Risks & open questions¶

Per-sensor QA decoder is real work — S2 SCL is the easiest (single class enum, well-documented). Landsat QA_PIXEL is bit-packed. MODIS state_1km is bit-packed and version-dependent. Ship S2 only for M5.
“Clear” definition is a user knob. Default for S2 SCL: classes {4, 5, 6, 11} (veg, bare, water, snow) treated as clear; {3, 8, 9, 10} (shadow, cloud_med, cloud_high, thin_cirrus) treated as not clear; {7} (unclassified) treated as not clear by default. Expose clear_classes in the dashboard so users can flip e.g. snow on/off.
CRS handling — S2 SCL is per-MGRS-tile UTM; AOI is EPSG:4326. Reprojection on read (or AOI reprojection to the item’s CRS) is georeader’s job. Verify it does the right thing for a multi-tile AOI in M5’s first day.
AOI larger than one MGRS tile — request is split into per-tile reads, merged at AOI scale. georeader already handles this for S2; verify and bench.
Out-of-MGRS AOIs (e.g., polar > 80°) need explicit handling since S2 doesn’t tile there. Just exclude with a clear error.
Async vs. thread pool — georeader’s API is sync (last I checked). Wrap with concurrent.futures.ThreadPoolExecutor for per-scene parallelism.
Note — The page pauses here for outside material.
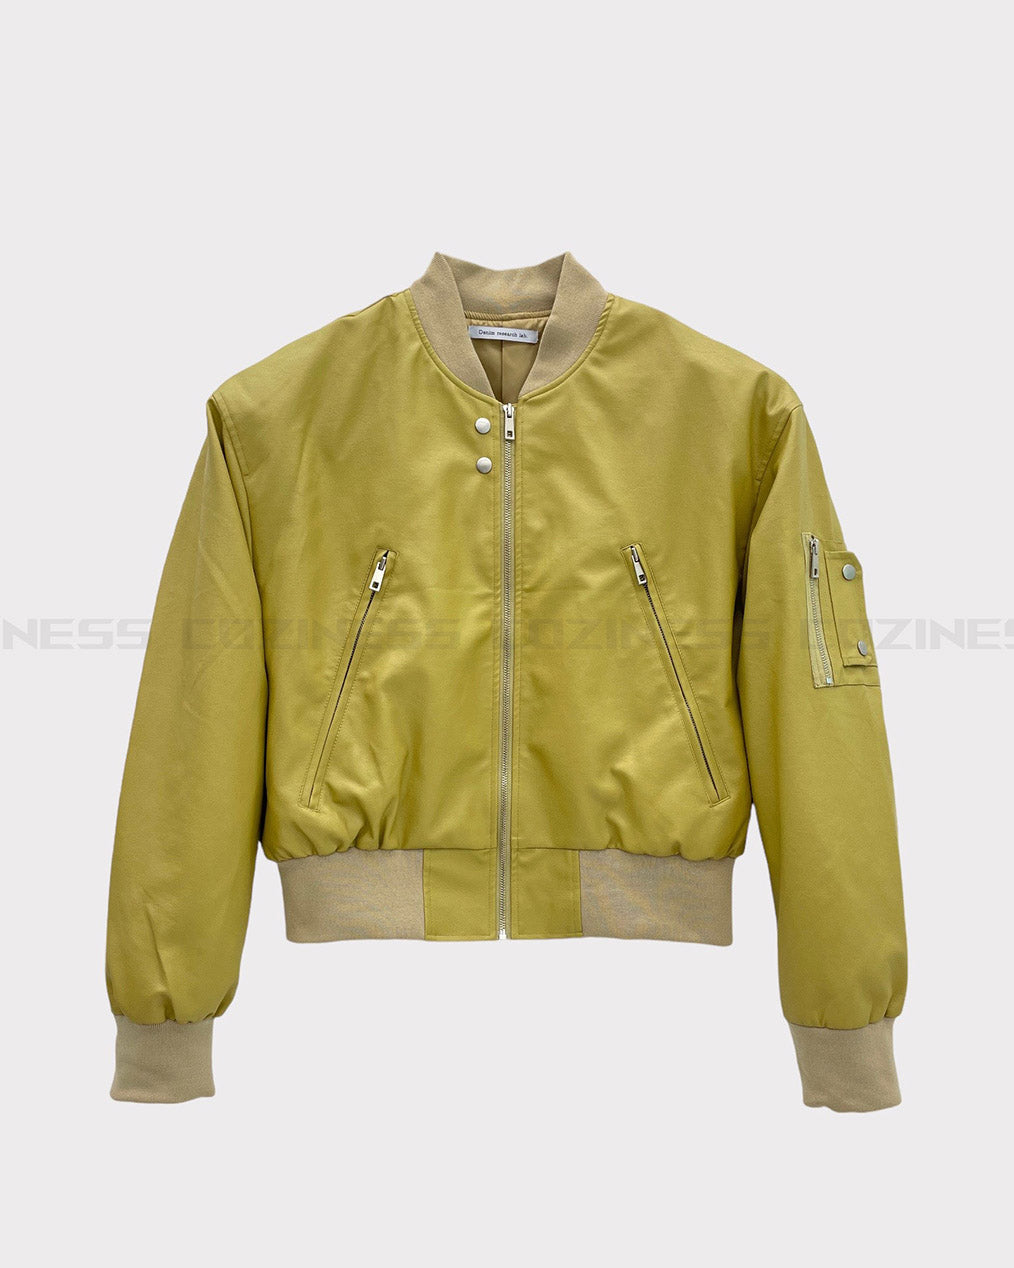 MG Muscle Shoulder Pad Crop Leather Jacket (3 colors)

Re-evaluate if georeader adds an async API.

Acceptance¶

Single notebook + Panel/Streamlit subapp answering “draw an AOI, pick a date range, get a clear-fraction time series” in < 15 s for the default 50 km × 1 year case.
Sanity:
- clear_fraction ≤ 1 in every row.
- For cells fully inside a single scene of low eo:cloud_cover: clear_fraction ≈ 1 − eo:cloud_cover / 100 (within ~10%).
- For cells inside the cloudy half of a heterogeneous scene: clear_fraction ≪ 1 − eo:cloud_cover / 100 (the point of v2.5).
The per-scene operator graph runs unchanged in a v3 prototype over a 1° × 1° patch (same numbers as the dashboard).

Out of scope¶

Global compute (that’s v3).
Multi-sensor fusion (different sensors have different “clear” semantics; defer until each sensor’s decoder ships).
Atmospheric correction quality flags (only “clear or not”).
Sub-pixel cloud masking — we accept the QA band’s spatial resolution.
Real-time / incremental updates — every request re-fetches.